# flooring for a lousy basement floor?



## AtlanticWBConst. (May 12, 2006)

johnny331 said:


> .....
> Aside from a new slab, I've seen those raised flooring tiles at home depot. I've heard people talk about them, do they work? They have a sort of plastic frame on the bottom that keeps them 1/2" or so off the gound allowing airflow, and the top is like an osb material. It was $1.50 a sqft I believe. I don't want a finished basement, just a decent floor for my workshop/jam spot....

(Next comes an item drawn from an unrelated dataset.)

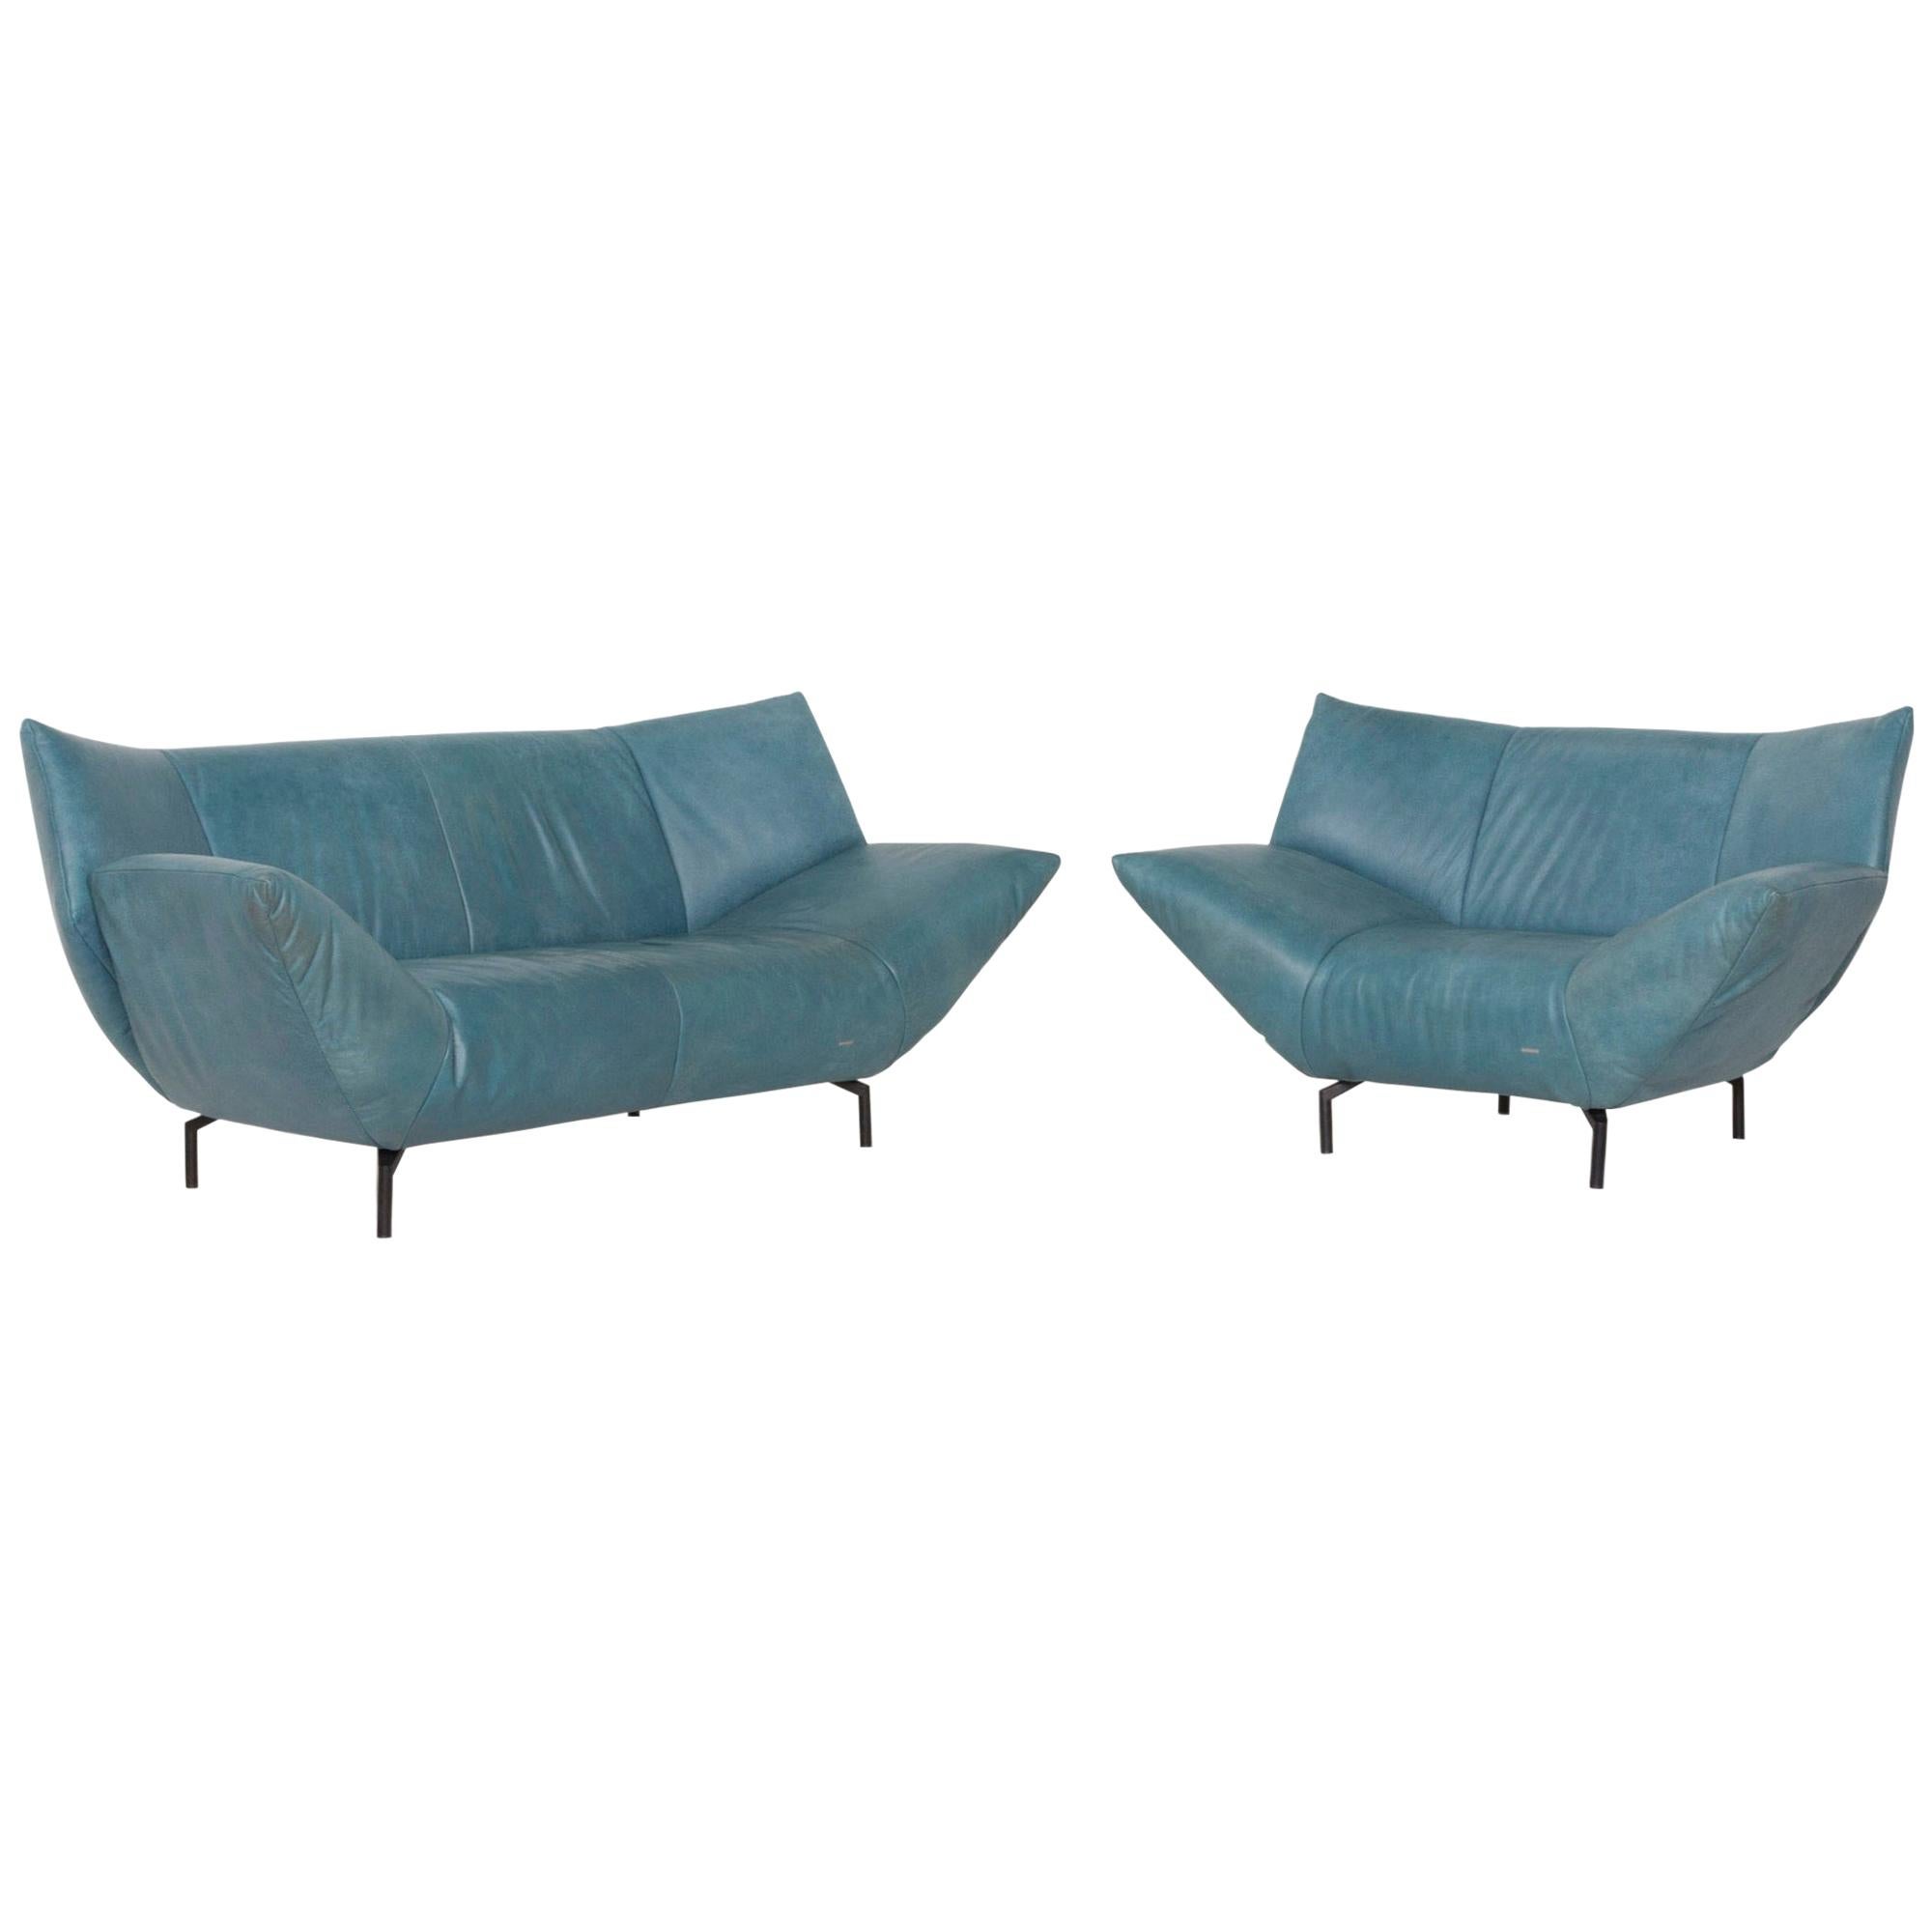 Koinor Leather Sofa Set Turquoise Blue Green 1 Two-Seat 1 Armchair
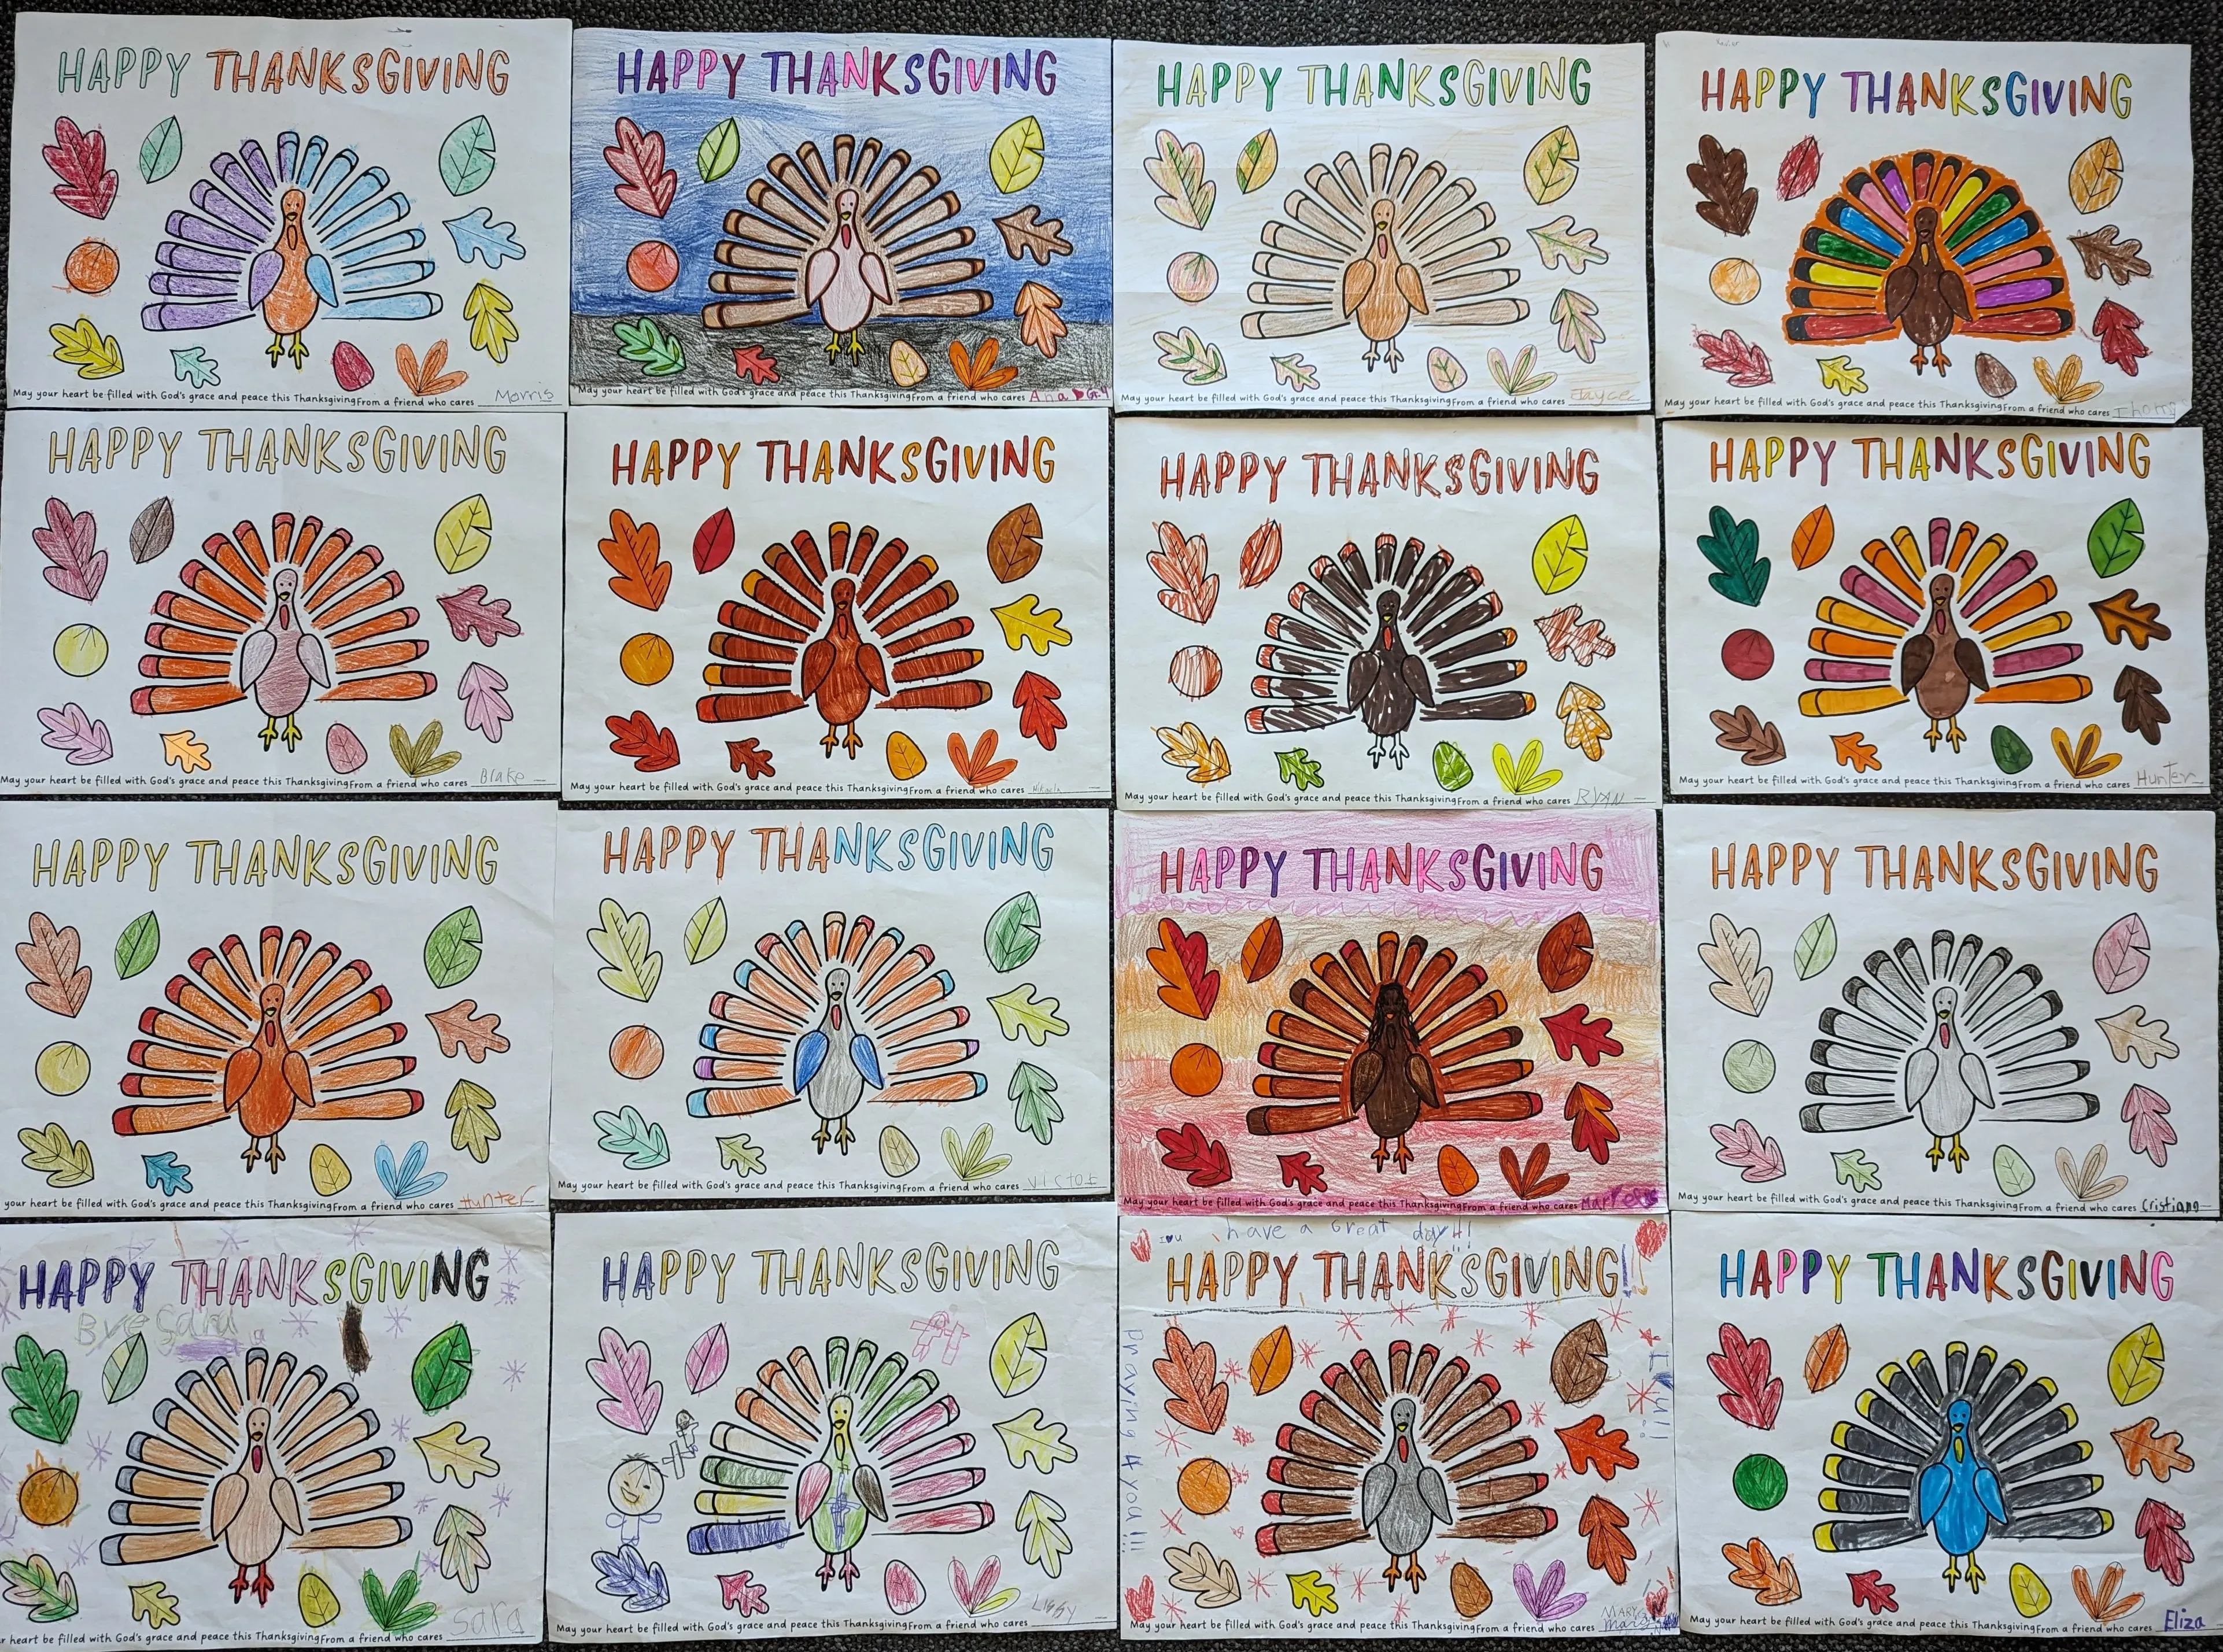 Thanksgiving placemat drawings

You could do that. We like the product (Dricore Flooring). It's not cheap. 
LINK: http://www.dricore.com/en/eIndex.aspx

Do your pricing on it. Their website has information on how to calculate the amount of their product that you will need to do an area.
LINK: http://www.dricore.com/en/calculator.aspx

http://www.dricore.com/en/eIndex.aspx


----------



## johnny331 (May 29, 2007)

That's the product I was thinking of...

So this will really work for a damp basement, huh?
I'm going to tape a piece of 6-mil down and see how wet it gets, I'll try to post some pictures tomorrow.


----------



## AtlanticWBConst. (May 12, 2006)

FWIW - If you have a ''damp'' basement, the first rule - is to fix the damp issues - before you do any kind of work on it.


----------



## johnny331 (May 29, 2007)

well, do I really have any options at this point besides replacing the slab, which I simply can't afford for at least a while. 
What about those paint on sealant products, do you recommend any of those?


----------



## AtlanticWBConst. (May 12, 2006)

johnny331 said:


> ....What about those paint on sealant products, do you recommend any of those?


There's Drylok:

http://www.ugl.com/drylokMasonry/masonryWaterproofer/latex.php

http://www.ugl.com/drylockFaq.php

Zissner's:

http://www.zinsser.com/product_detail.asp?ProductID=77

http://www.rustoleum.com/product.asp?frm_product_id=696&SBL=5

Other:

http://www.amesresearch.com/basement.htm


----------